THE BREAKFAST CROWD has cleared out, and only the regulars remain at Nate ’n’ Al’s. There is the ring of silverware in the kitchen and the sound of laughter in back, where the boys are still talking about Brooklyn. Dishes are scattered across the table. Here and there a scrap of bagel or a strip of lox catches the sun. Grease pools at the edges of plates. The waitress, Kaye, has come twice to clear the table and has twice been waved away. “Get outta here,” says Asher, holding up a hand. No one will admit the meal is over. Herbie is still picking, coming up with strange food combinations. For Herbie, any collection of plates is a buffet.
“What the hell,” says Larry. “French toast and white fish?”
“It mixes in the stomach,” says Herbie. “Mind over matter.”
Asher undoes a button in his pants, and Larry is already talking about lunch. Sid asks for the check. “Okay,” he says, standing. “Let’s break outta this joint.”
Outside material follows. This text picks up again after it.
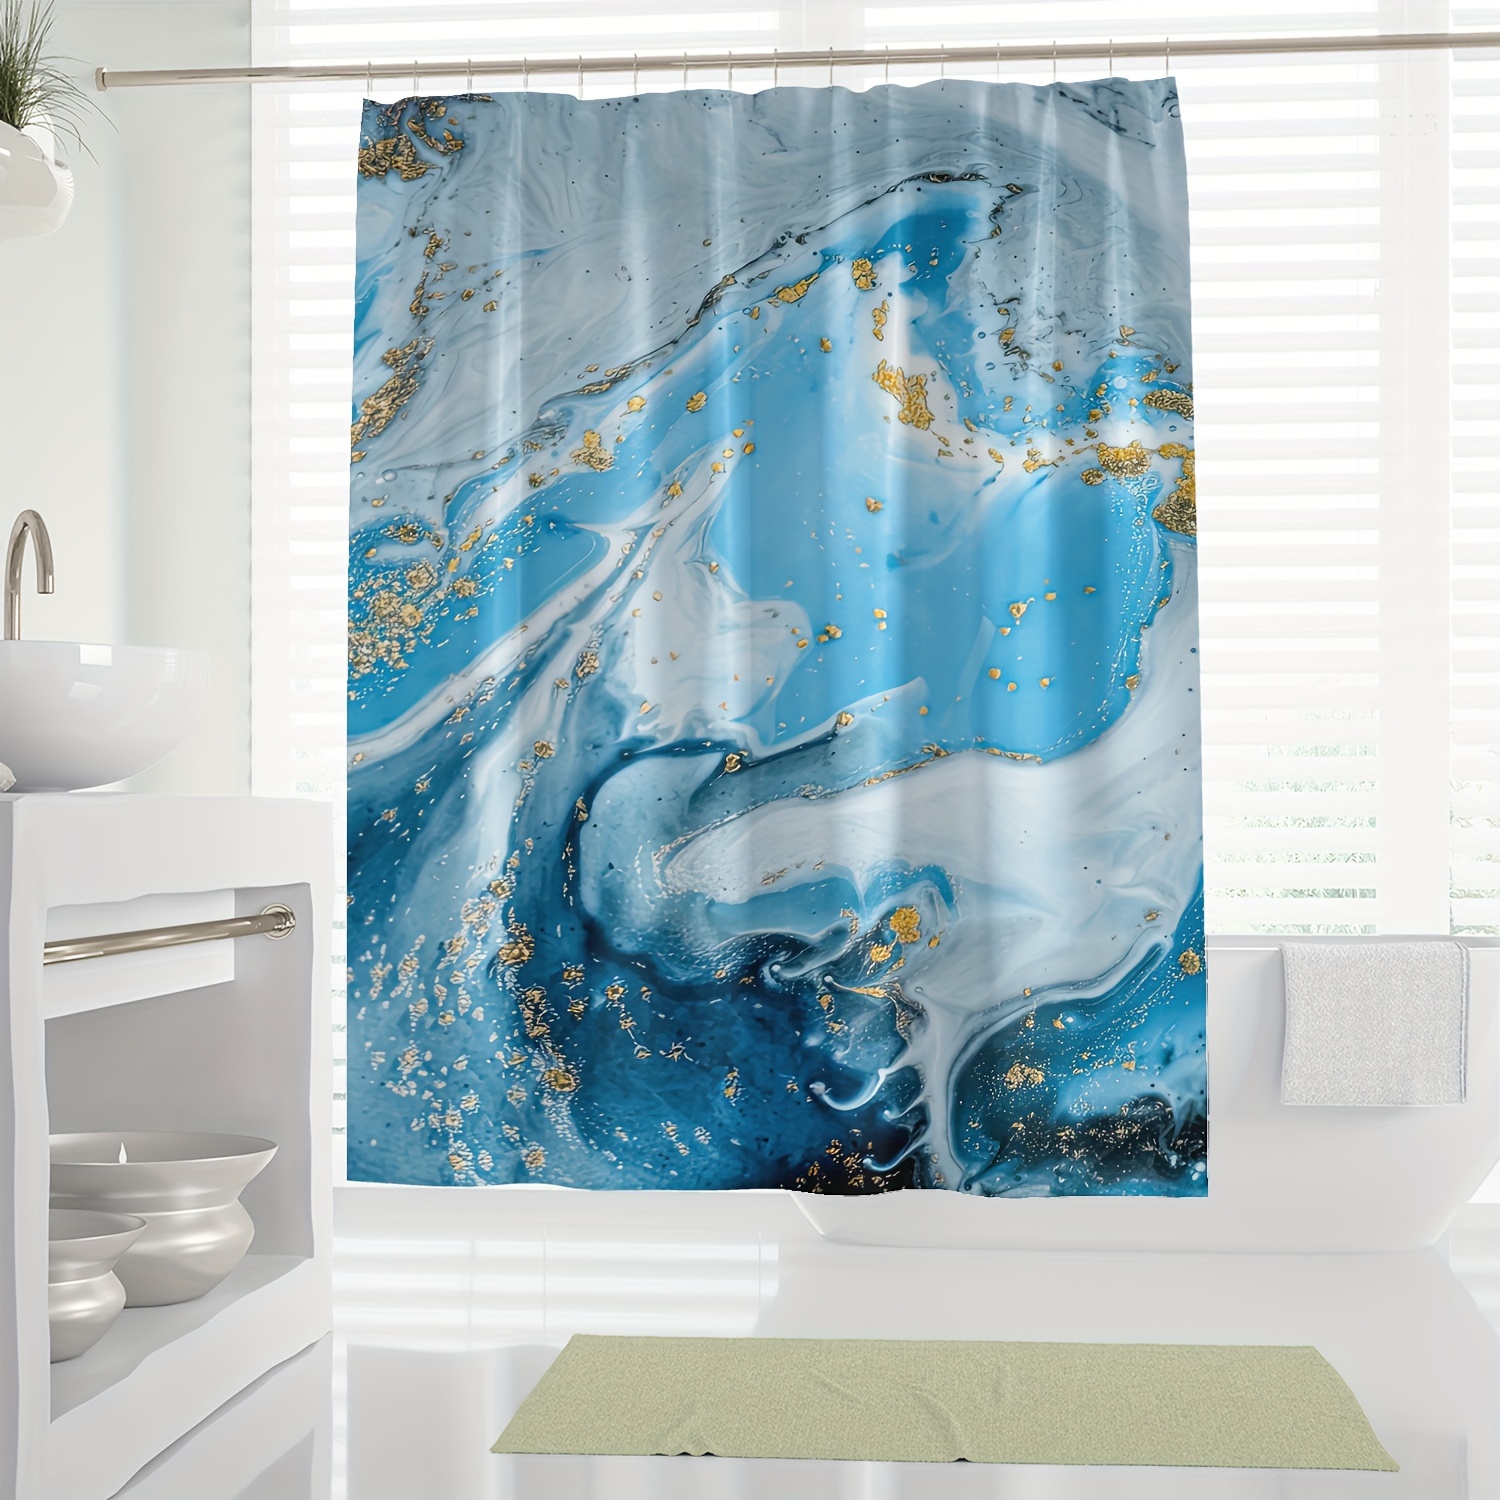 

1pc Blue Marble Pattern Shower Curtain With Hooks, Waterproof Bath Partition Curtain, Decorative Bathroom Accessories For Home

The men walk slowly toward the register, knuckles dragging on tabletops. Eyes follow them through the room. Each man grabs a toothpick. On the street they are men with toothpick mouths, patting their bellies. They have come to prize comfort and all day long walk around like Mafia dons, in bright-colored sweatsuits. At night they go to dinner in silky Hawaiian shirts decorated with fish or race cars or flowers. It’s as if they passed right from the short pants of their youth, to the uniforms of their young adulthood, to three-thousand-dollar, made-for-me-special-in-Hong-Kong suits, straight out to John Gotti at the Ravenite Club—the comfort-all-the-time look you get only with a truly tacky sweatsuit. They look up Beverly Drive to Wilshire, cars streaming by, all those suckers off to work. Ahead of them lie at least ten more good years, meals, vacations, sprees. They are like the gangsters had the gangsters done like Lepke said and stayed out of town. The story of their lives is, after all, an expatriate story, men who have settled far from home, who talk of the past because the past tells them who they are. Just before everyone goes their separate ways, Sid smiles and says, “Same time tomorrow. Last one through the door, pays.”